Judge blocks Calif. tax return law

OAN NewsroomUPDATED 6:31 AM PT — Friday, September 20, 2019
The ongoing feud between the White House and California hits a new boiling point. In a ruling Thursday, a judge handed President Trump a victory by temporarily blocking a law that required presidential candidates to release their tax returns in order to appear on the state’s primary ballot.
The law sparked controversy when it was approved by California’s Governor Gavin Newsom back in July. Newsom claimed the bill was not designed to target President Trump, and was created to ensure the American people are not deceived by candidates seeking their vote.

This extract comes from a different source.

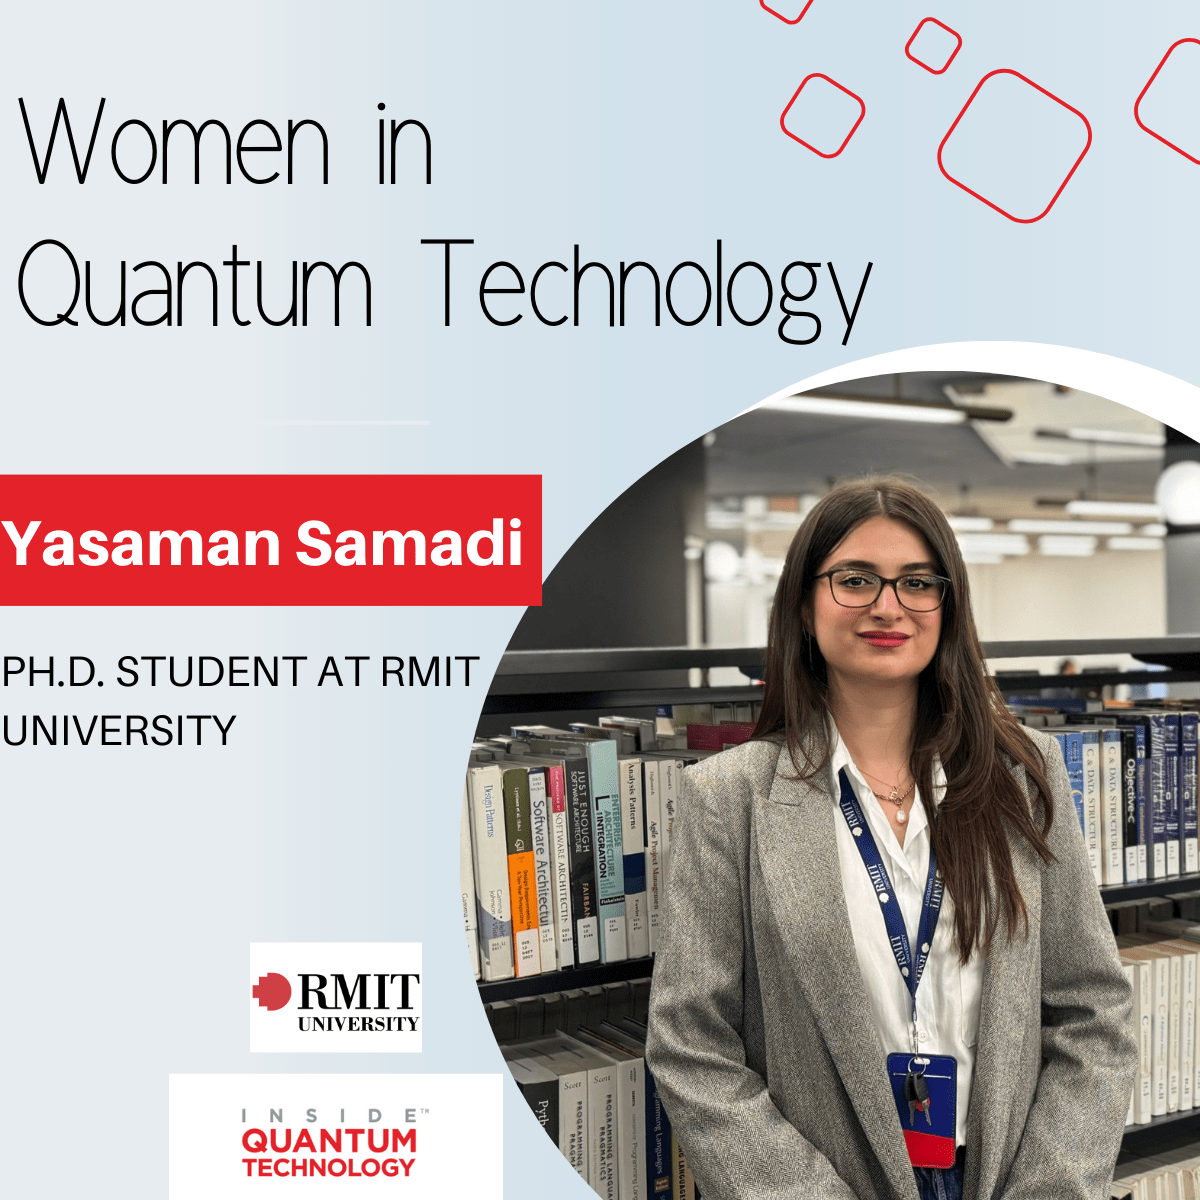 Mulheres da Tecnologia Quântica: Yasaman Samadi da Universidade RMIT - Inside Quantum Technology

“It’s politically neutral, it’s party neutral, every presidential candidate, every candidate we see on the debate stage would be required to do the same,” he stated.

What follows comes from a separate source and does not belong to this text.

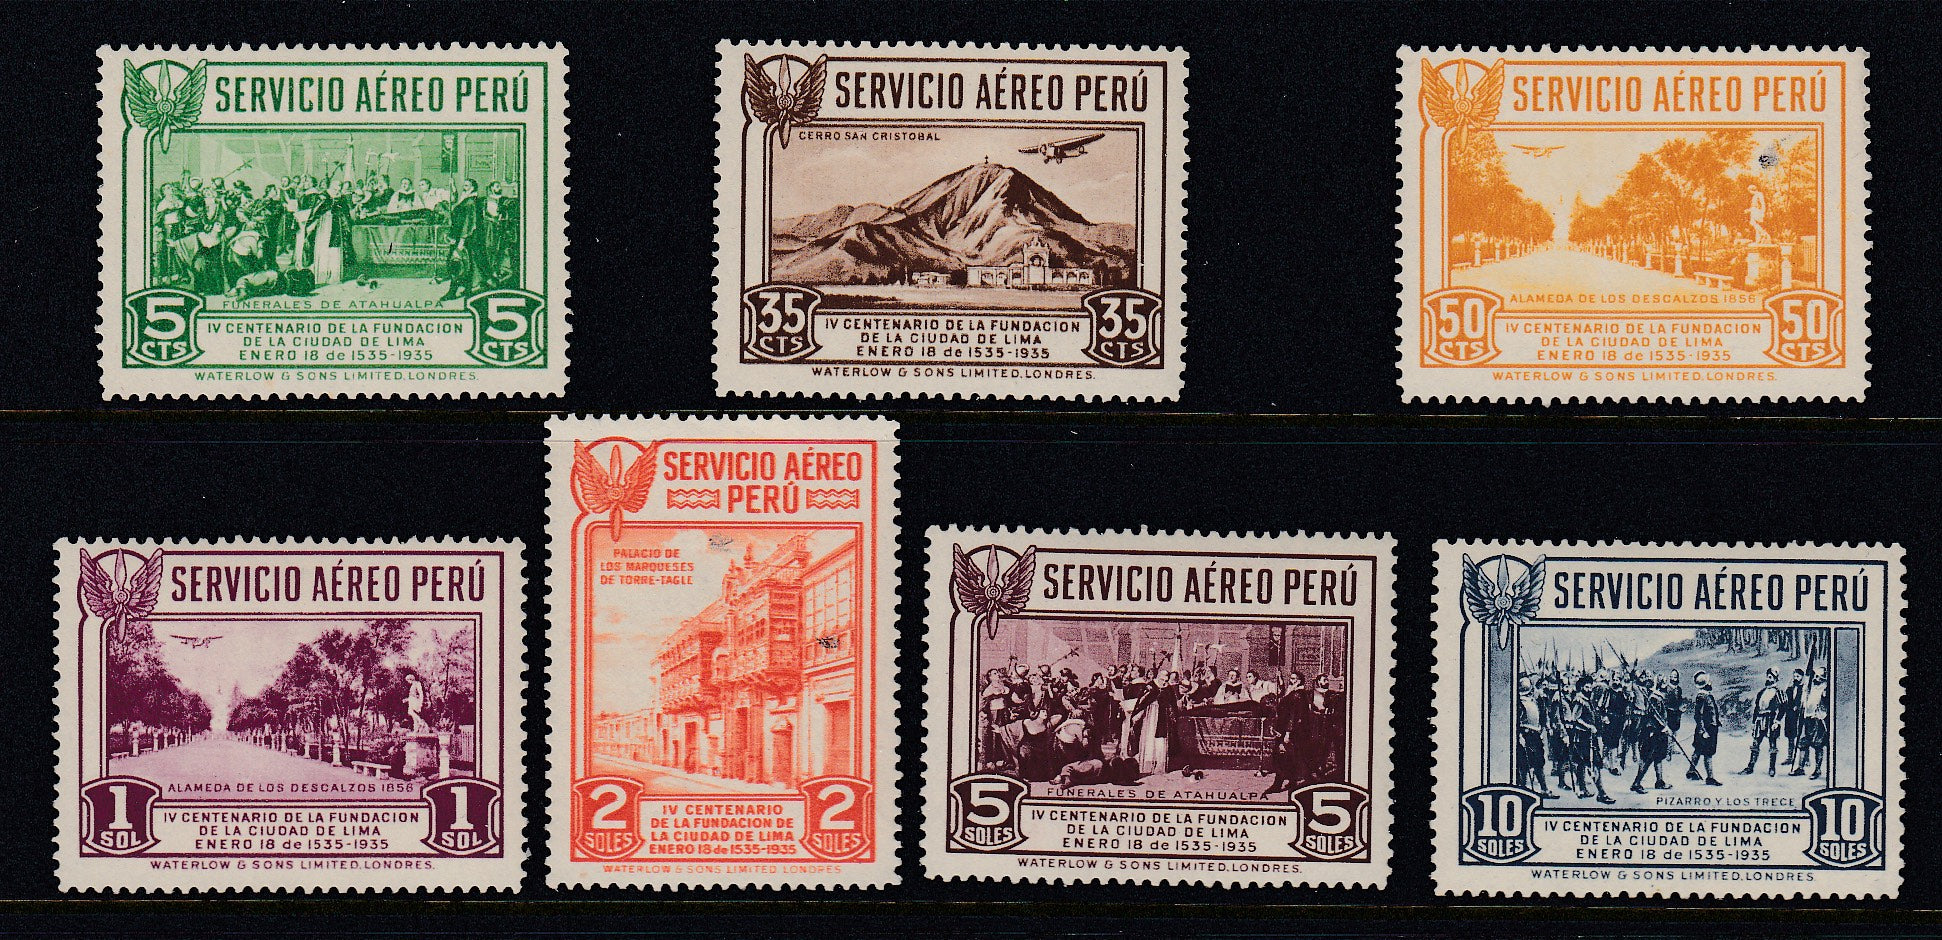 Peru 1935 4th Lima Founding Centenary Complete Airmail Set VLM Mint. Scott C6-C12

However, the president’s legal team has argued the law is unconstitutional and unfairly requires him to give up his personal information. President Trump has been pressured to hand over his financial information since he was on the campaign trail in 2016.
“And while I’m under audit, I won’t do it. If I’m not under audit, I would do it. I had no problem with it, but while I’m under audit, I would not give my taxes.” — President Trump

Attorneys Harmeet Dhillon, left , and Justin Clark who represented the state and national Republican parties, discuss the tentative ruling by a federal judge to halt a California law that’s aimed at forcing the president to release his tax returns, in Sacramento, Calif., Thursday, Sept. 19, 2019. U.S.District Judge Morrison England Jr., said the will issue a formal ruling by Oct. 1. (AP Photo/Rich Pedroncelli)
He maintains that because he’s under audit he can’t release the information, but in July he made the unusual promise to release the information before Election Day.
“At some point prior to the election, I’m going to be giving out a financial report of me,” said the president. “And it will be extremely complete.”
No presidential candidates have officially submitted their tax information to the state, although several have publicized portions of their returns. With the judge expected to give a final ruling by the end of the month, candidates may not need to release those documents at all.